• _DATA FOR THIS TASK_:
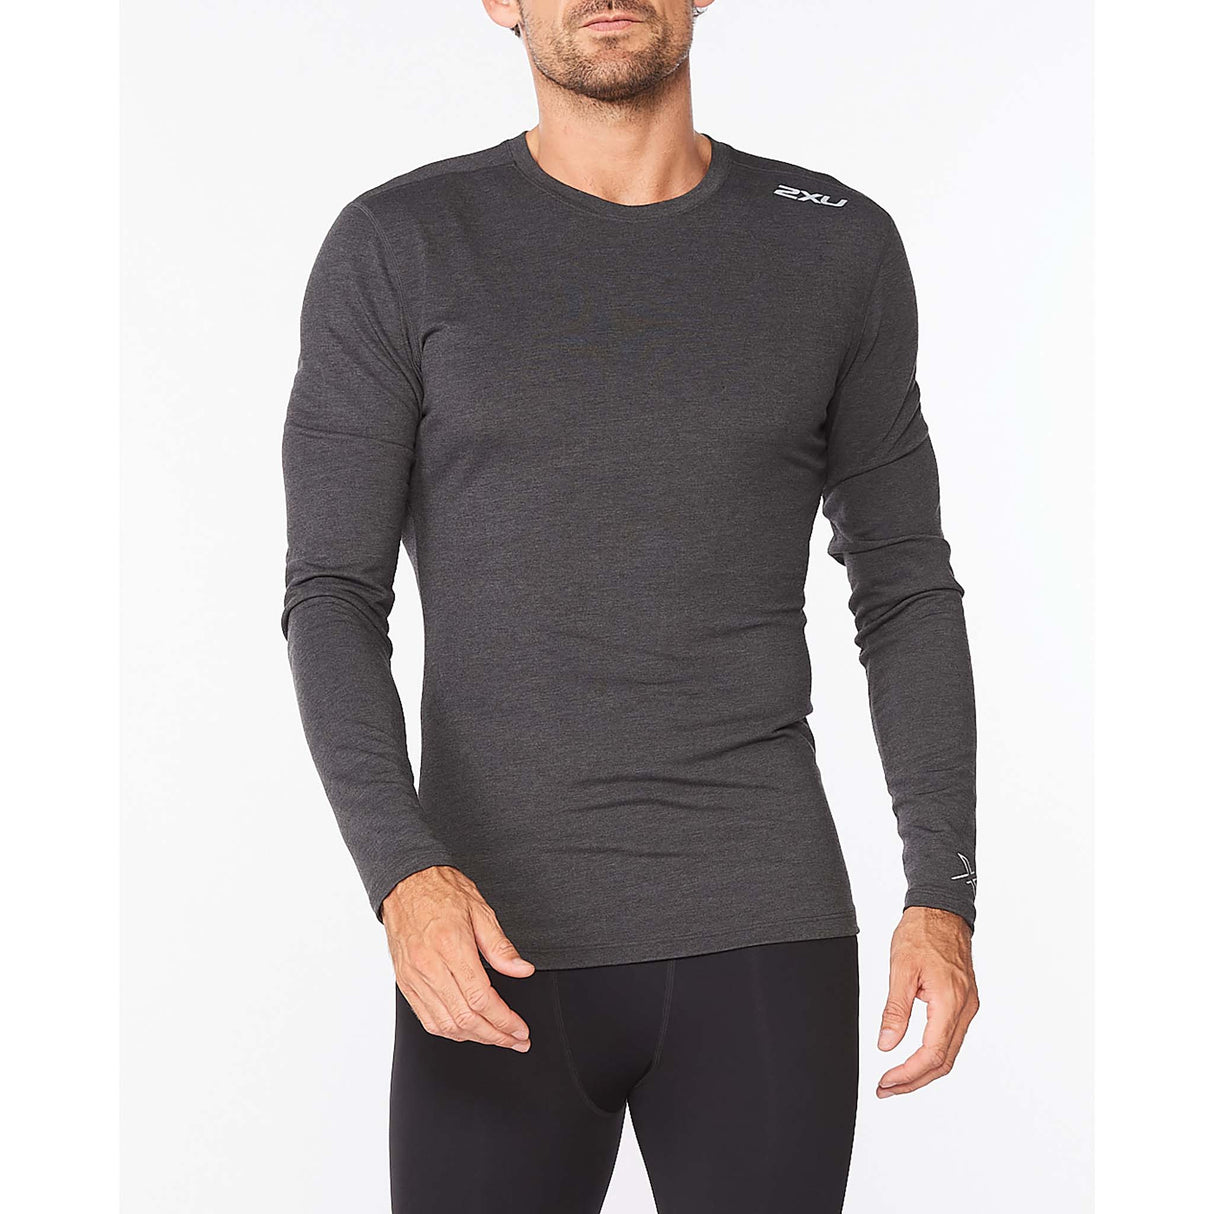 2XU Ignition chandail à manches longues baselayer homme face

==

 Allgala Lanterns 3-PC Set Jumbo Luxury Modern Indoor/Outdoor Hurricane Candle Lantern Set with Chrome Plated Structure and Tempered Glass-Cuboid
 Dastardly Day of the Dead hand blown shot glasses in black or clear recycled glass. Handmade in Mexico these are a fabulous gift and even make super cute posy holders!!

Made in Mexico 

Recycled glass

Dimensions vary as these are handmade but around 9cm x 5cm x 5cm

• _PROBLEM DETAILS_: Show every line from the entries above in which "these" appears.

• _SOLUTION TO THE PROBLEM_:
 Dastardly Day of the Dead hand blown shot glasses in black or clear recycled glass. Handmade in Mexico these are a fabulous gift and even make super cute posy holders!!
Dimensions vary as these are handmade but around 9cm x 5cm x 5cm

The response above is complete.